A New Era of AI Evolution: Getting Started with HuggingGPT & MetaGPT

Follow the official account “Carl’s AI Watts” and set it as “Starred” to get the latest AIGC news

Author: Carl

AIGC Open Source Free Tutorial 2.0 (supports ChatGPT, Midjourney, Stable Diffusion, Runway, AI Agents, Digital Humans, AI Voice & Music):

https://www.learnprompt.pro

In the first three articles, we discussed the principles and components of Agents as well as AutoGPT and AgentGPT. In this section, I will introduce two more Agents projects worth exploring in depth, detailing their working principles and differences, and teaching you how to use Agents hands-on 🎉

If you want to understand Agents from scratch, feel free to check out the previous three articles.

A New Era of AI Evolution: AI Agents Era (3/9) — Practical Use of AutoGPT & AgentGPT

A New Era of AI Evolution: AI Agents Era (2/9) — Decoding Agents Capabilities: Planning + Memory + Tool Usage

A New Era of AI Evolution: AI Agents Era (1/9) — What is an Agent?

🟢 HuggingGPT

HuggingGPT is a multi-model calling Agent framework that utilizes ChatGPT as a task planner, selecting available models on the HuggingFace platform based on the description of each model, and finally generating a summary response based on the execution results of the models.

This project is currently open source on GitHub and has a very cool name called JARVIS (Iron Man’s assistant).
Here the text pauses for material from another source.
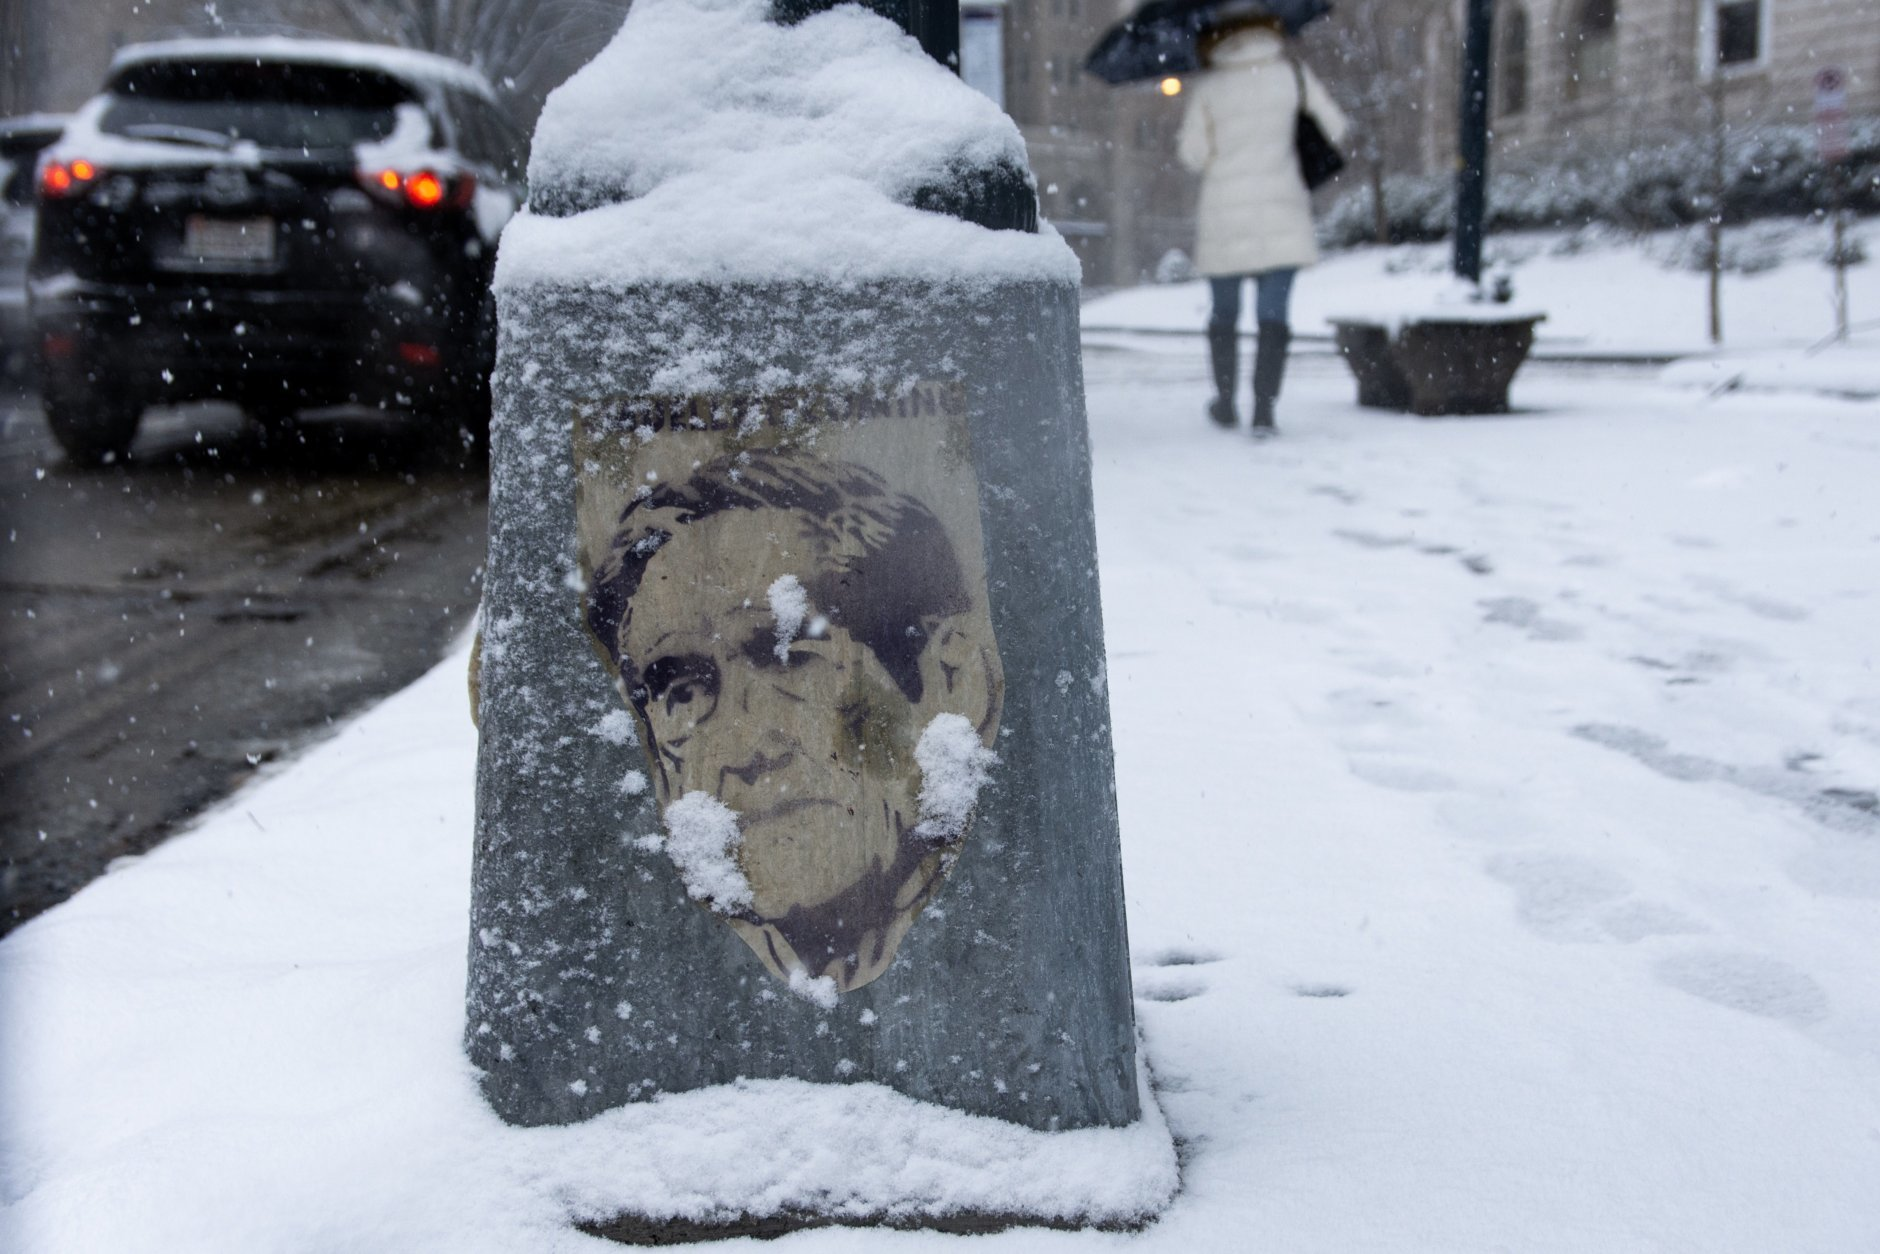 The D.C. region was hammered by snow Wednesday. (WTOP/Alejandro Alvarez)

This research mainly involves two subjects: the well-known ChatGPT and the Hugging Face community in AI.

A New Era of AI Evolution: Getting Started with HuggingGPT & MetaGPT

What is Hugging Face?

Simply put, Hugging Face is an open-source community platform focused on artificial intelligence where users can publish and share pre-trained models, datasets, and demo files. Currently, over 100,000 pre-trained models and more than 10,000 datasets have been shared on Hugging Face. More than 10,000 organizations from various industries, including Microsoft, Google, Bloomberg, and Intel, are using Hugging Face’s products.

A New Era of AI Evolution: Getting Started with HuggingGPT & MetaGPT

In HuggingGPT, ChatGPT acts as the “operational brain,” automatically parsing user requests, and performing automatic model selection, execution, and reporting from the AI model library of Hugging Face, greatly facilitating the development of more complex AI programs.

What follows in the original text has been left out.